##### Data section #####

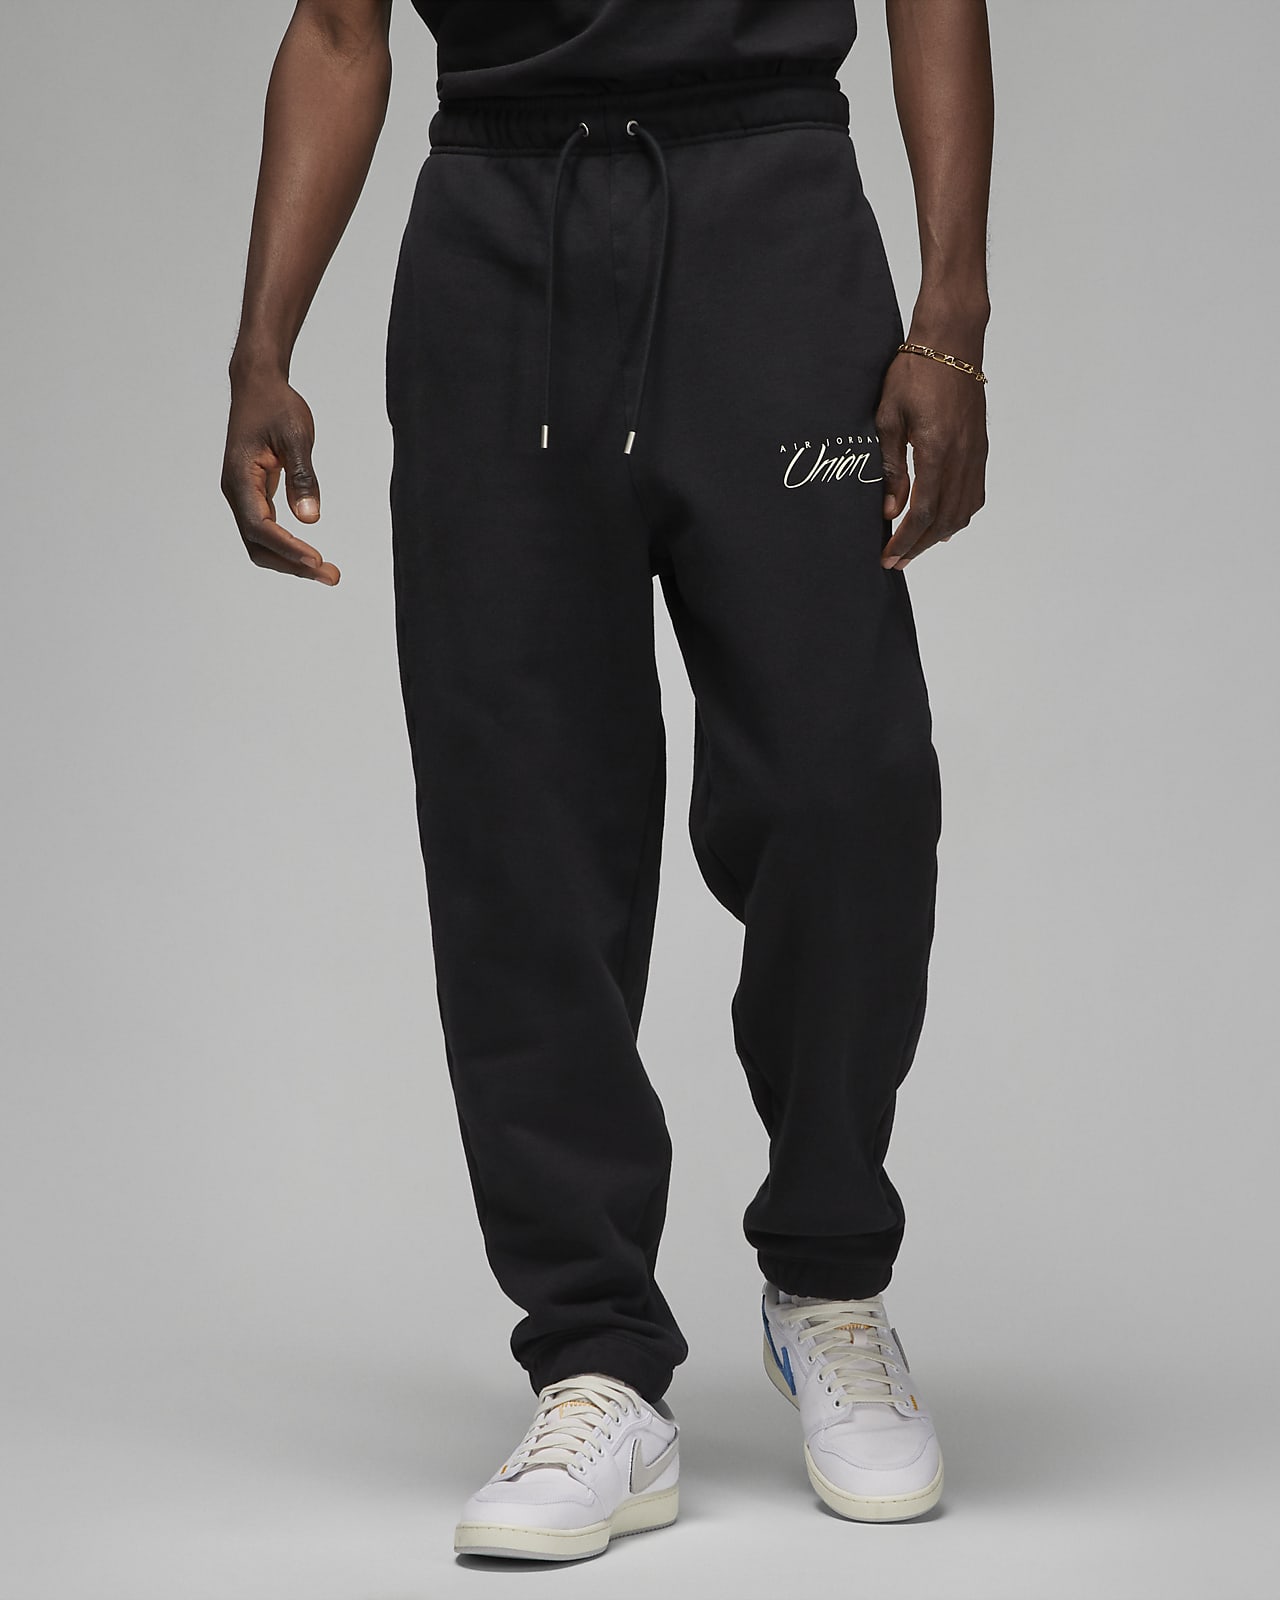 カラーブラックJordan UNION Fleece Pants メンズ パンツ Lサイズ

#####
##### Data section #####

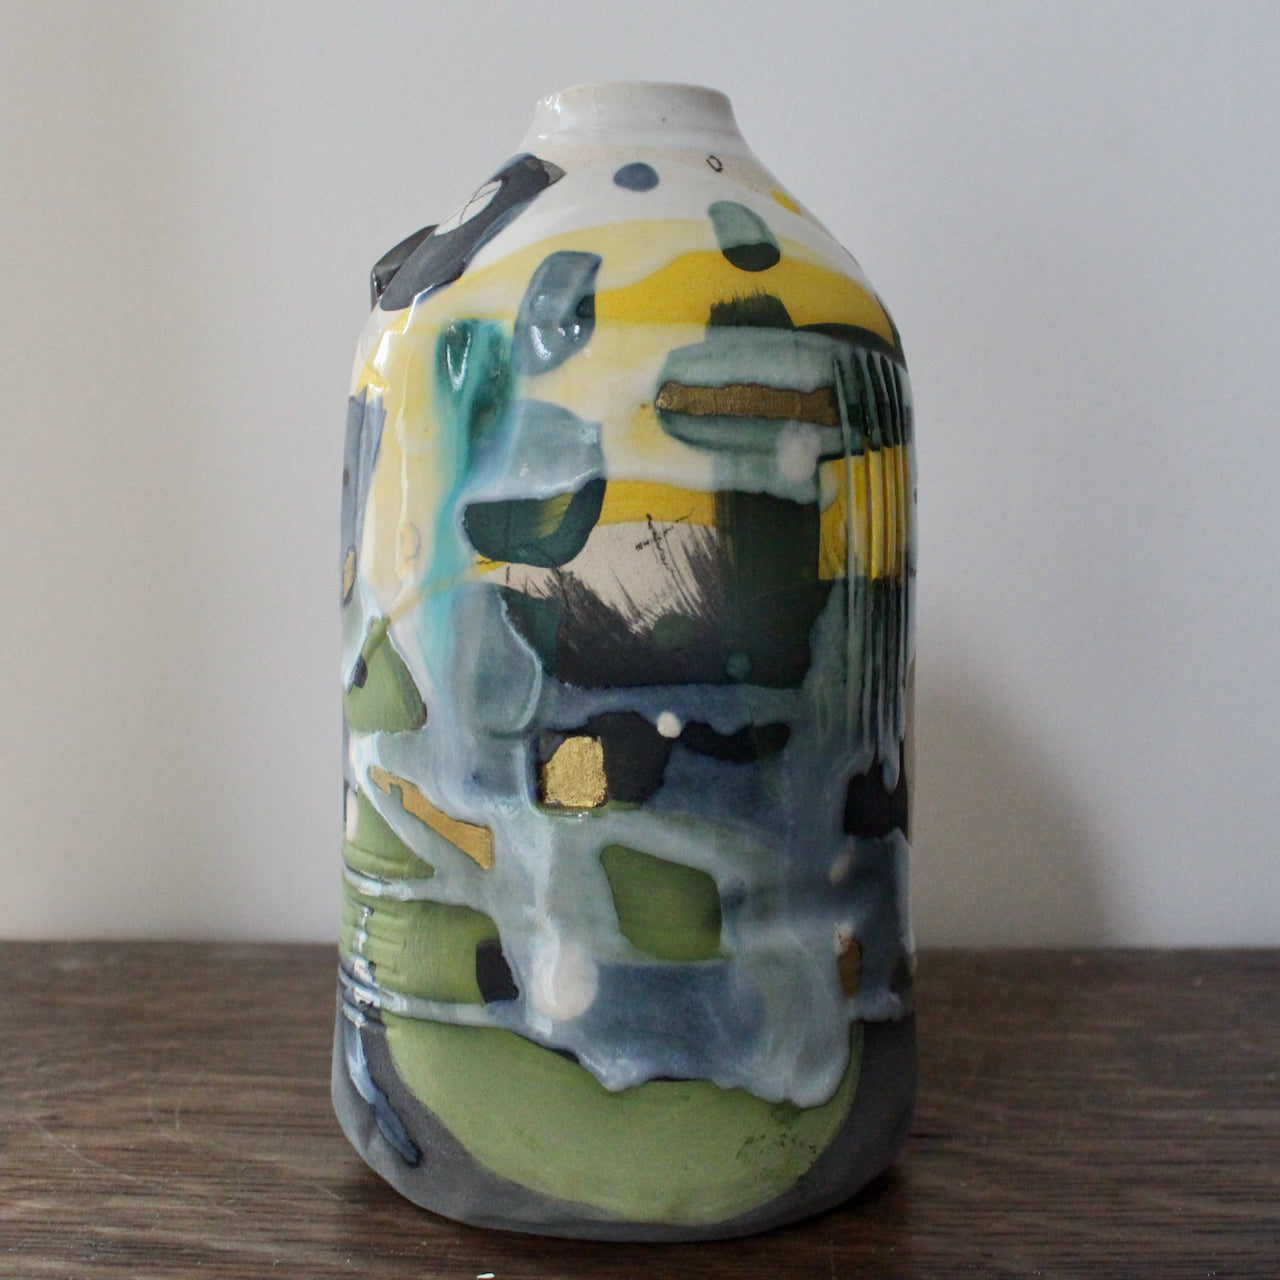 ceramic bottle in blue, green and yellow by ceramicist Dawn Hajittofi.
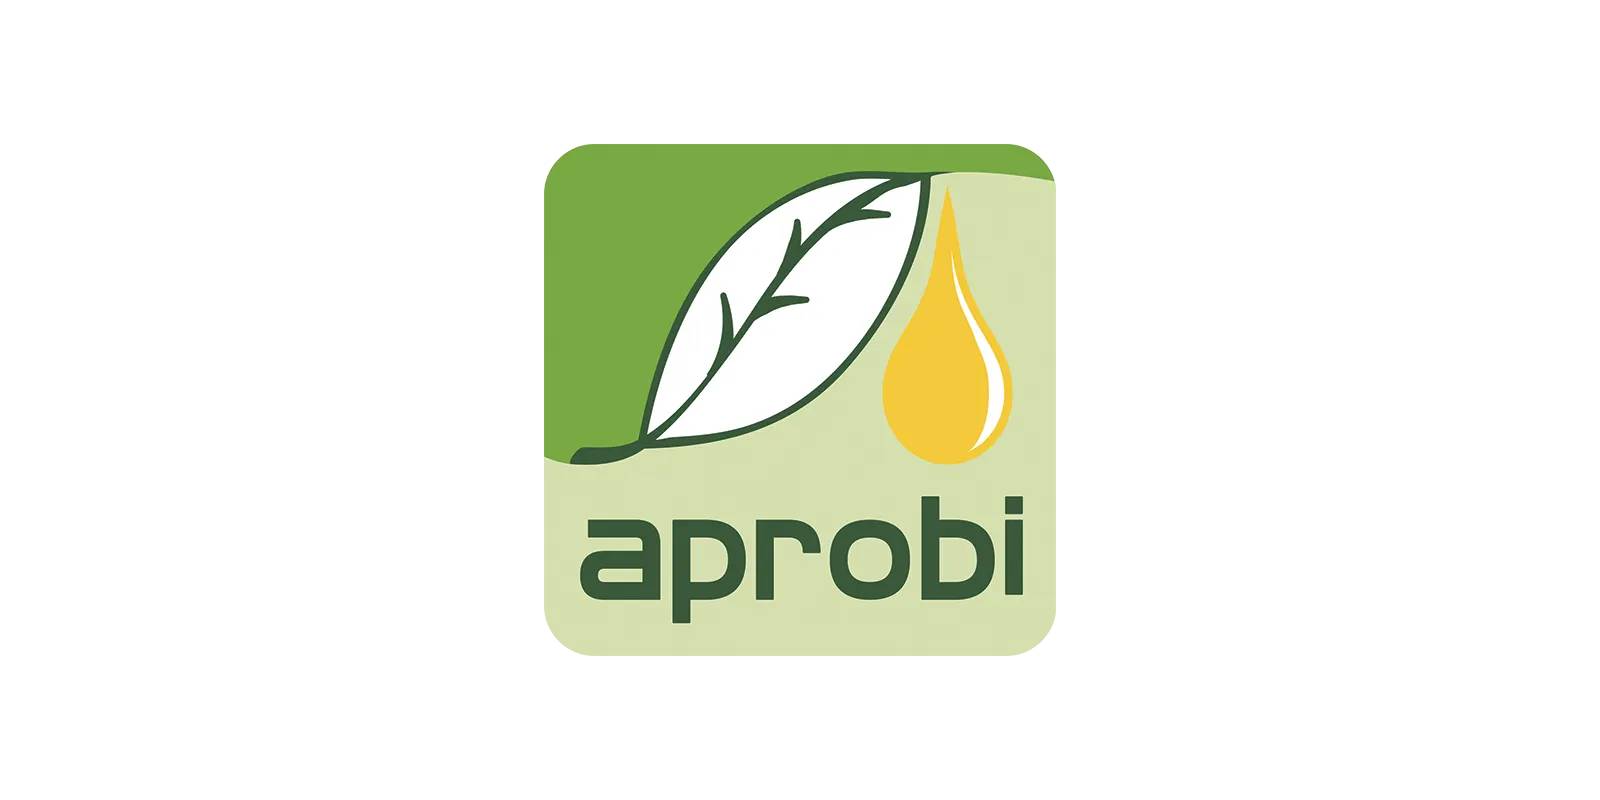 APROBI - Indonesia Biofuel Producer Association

#####
##### Data section #####

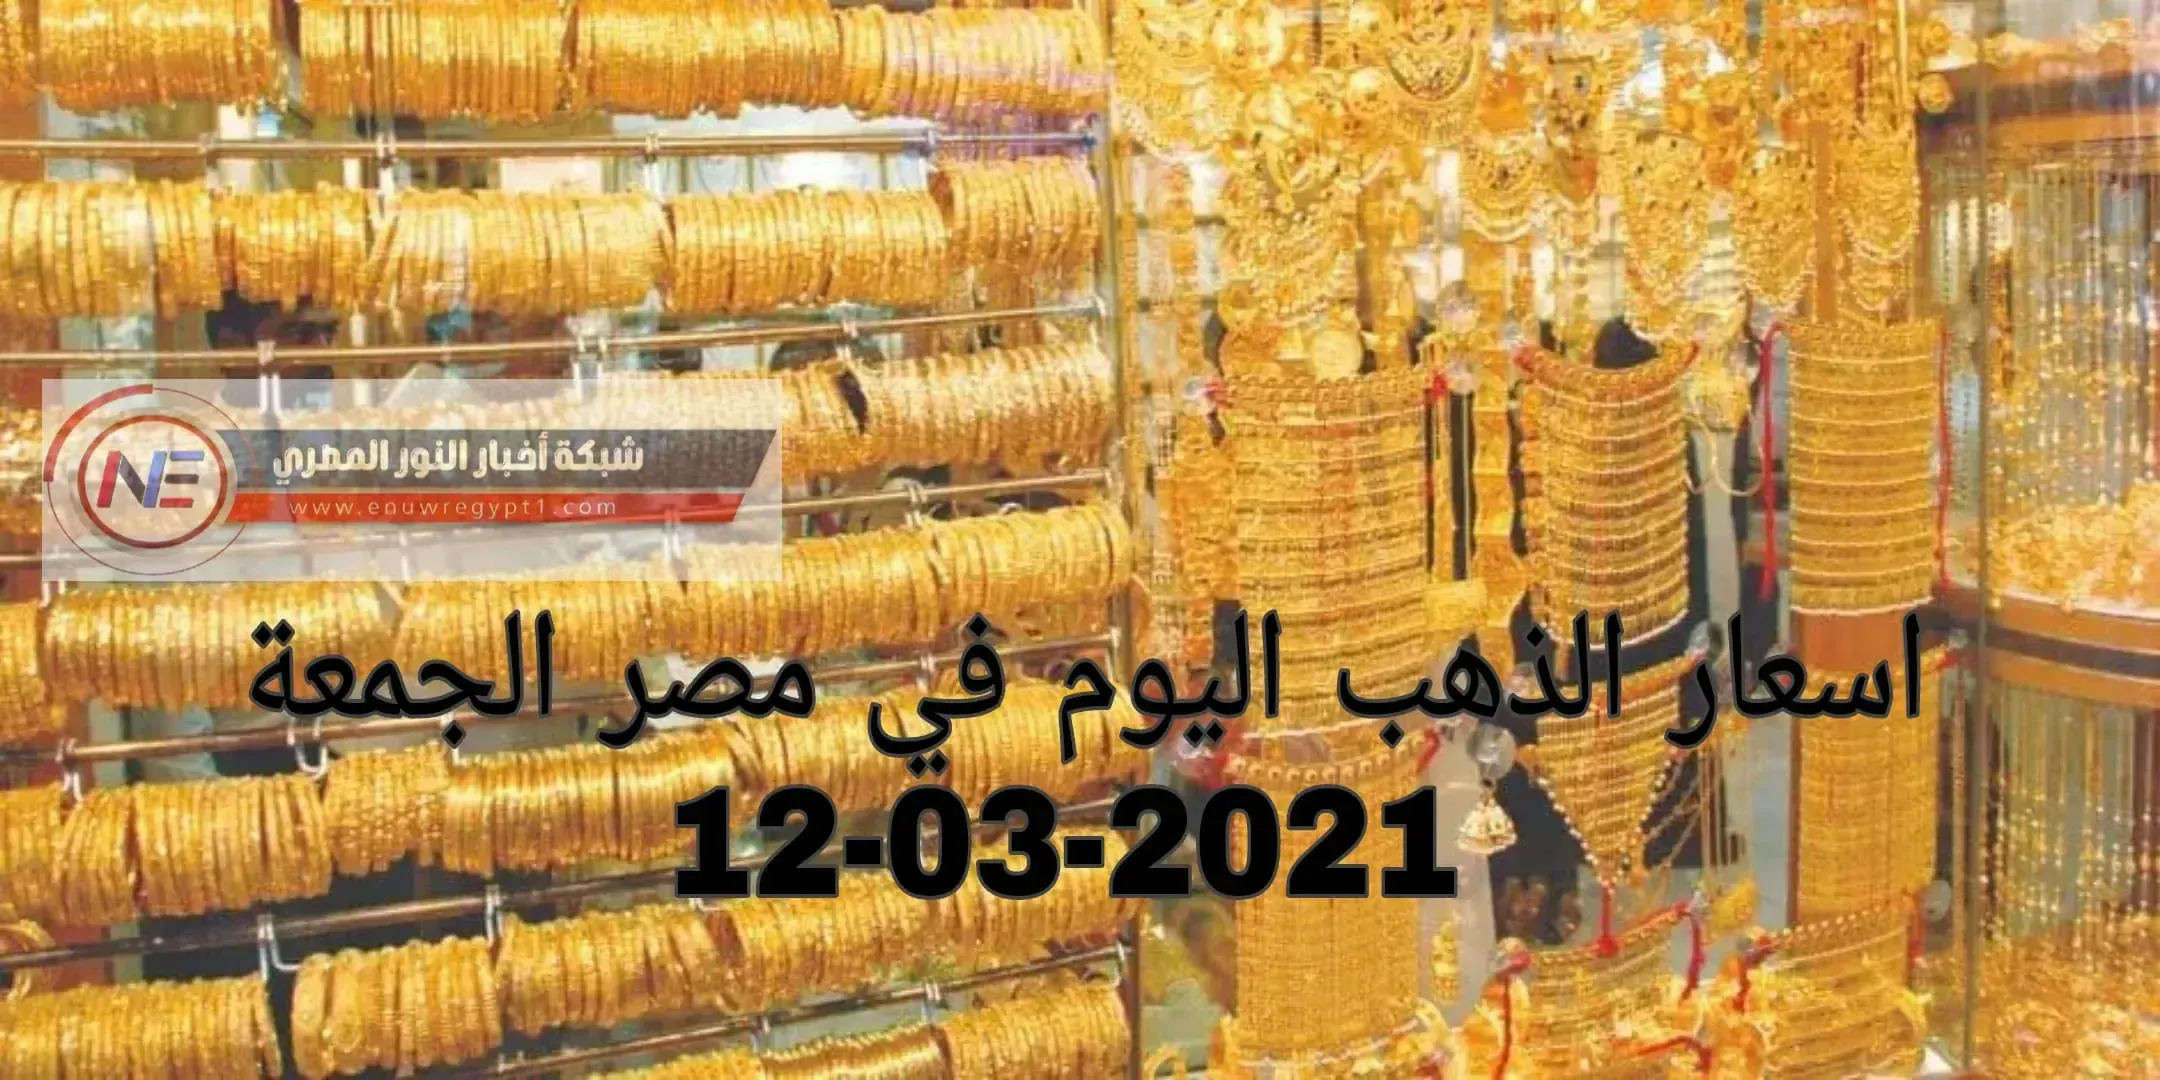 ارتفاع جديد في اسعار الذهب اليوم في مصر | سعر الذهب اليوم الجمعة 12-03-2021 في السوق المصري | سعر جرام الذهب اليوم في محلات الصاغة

#####

Work request: An exact copy is needed. It runs from the line above containing "ceramic bottle in" down to the line containing "APROBI - Indonesia", both included, with no pictures.

Result below:
 ceramic bottle in blue, green and yellow by ceramicist Dawn Hajittofi.
 APROBI - Indonesia Biofuel Producer Association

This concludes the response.